[Biopython-dev] Parsing features fuzzie in Genbank annotation att Brad.

Mon Sep 24 16:43:08 EDT 2001

Since this is being reviewed ....

Brad, please make a note of this everyone should understand this is there.

In genbank records the following join format will pop up:

    "join(10000,10200..10450)"

The numbers used here represent a one base join with a second exon. Can this
happen in biology, I am still working that out, or what does this annotation
represent of the biology, if this is not a real one base join, I am working
that out too.

However, please note that is a possible annotation in any case. programs
that use feature information should know how to handle this.

This cropped up whiles I was parsing the Refseq S_cerevisiae data. Go to
NCBI and download Chromosome 9, and you will see what I am talking about.

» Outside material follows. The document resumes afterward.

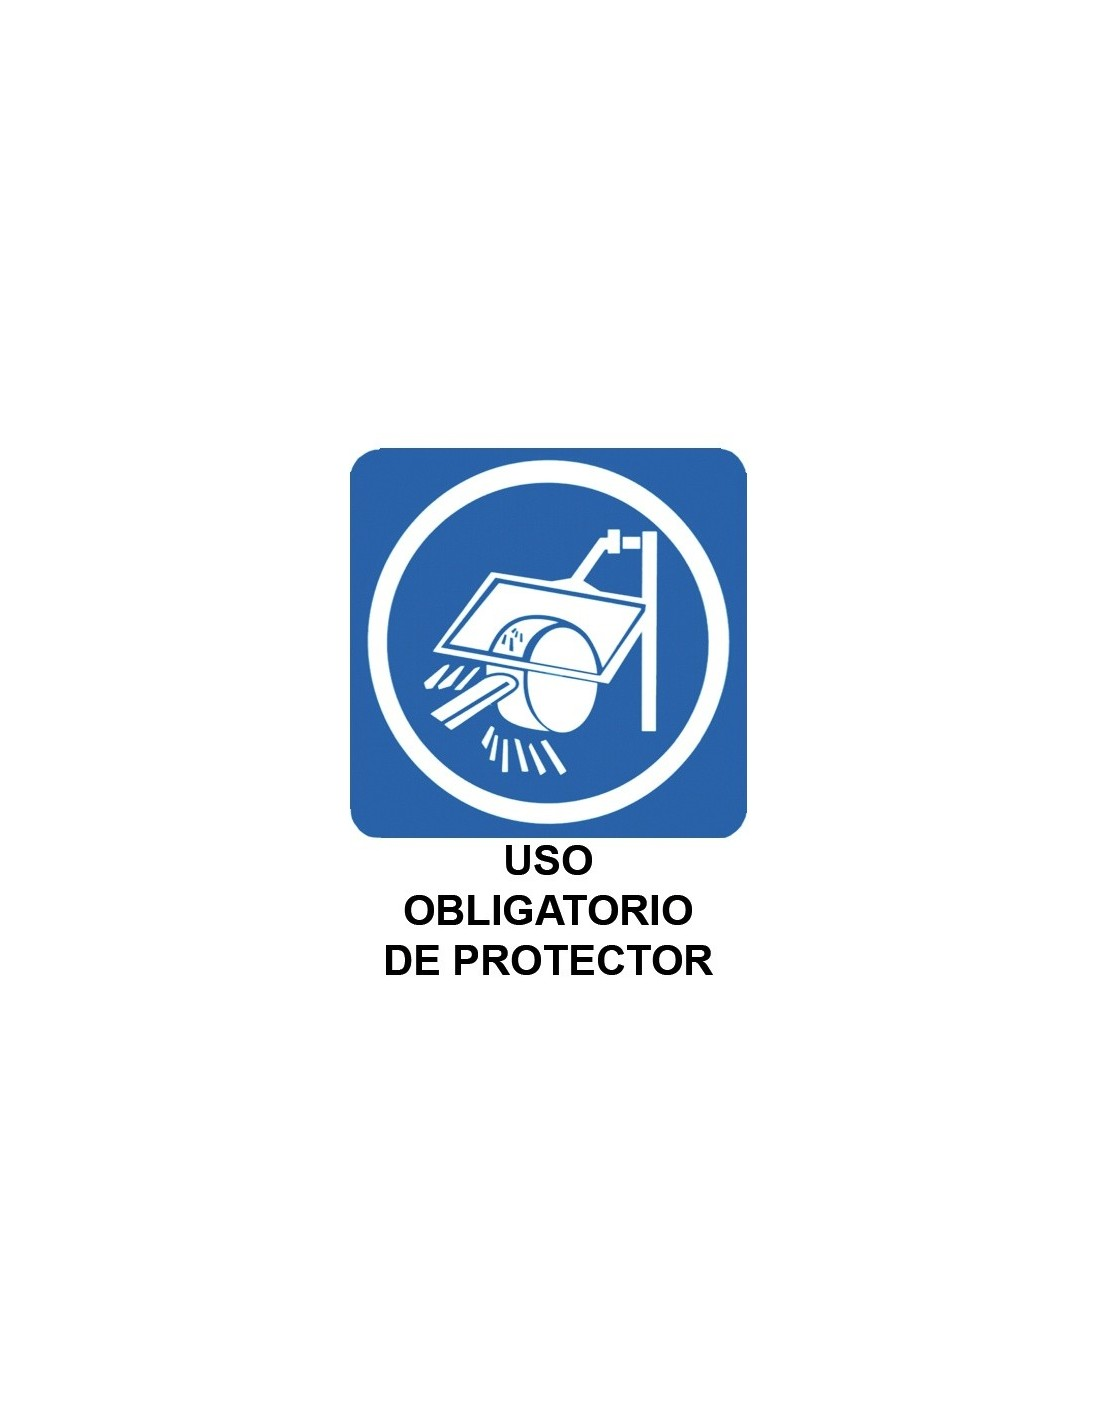 Cartel PVC 40x30 Uso obligatorio de protector auditivo

I will post what I find out, but if anyone else wants to look into some
insight on this, please post.

Peter

P.S. pretty umbeleavable is it not?

In response to the following comment --------------------------

3.
Andrew:
> Related to that, what's the type used when there are subfeatures?

Previously, if we had a sequence feature like:
CDS             join(104..160,320..390,504..579)

I would code this as a top level SeqFeature with type "CDS" and
location (104..579), and have sub_features of this top level feature
with type "CDS_join." This is stolen from bioperl, but is not that
great in retrospect, since I'm hacking the type and all of that.

I'd like to propose adding a location_operator attribute to
SeqFeature (already done in CVS) and have the top level SeqFeature
be type "CDS" with location_operator "join", and all sub_features
also be of the same type and location_operator. This will only
affect people who relied on the previous (fairly ugly)
type/location_operator concatenation mechanism.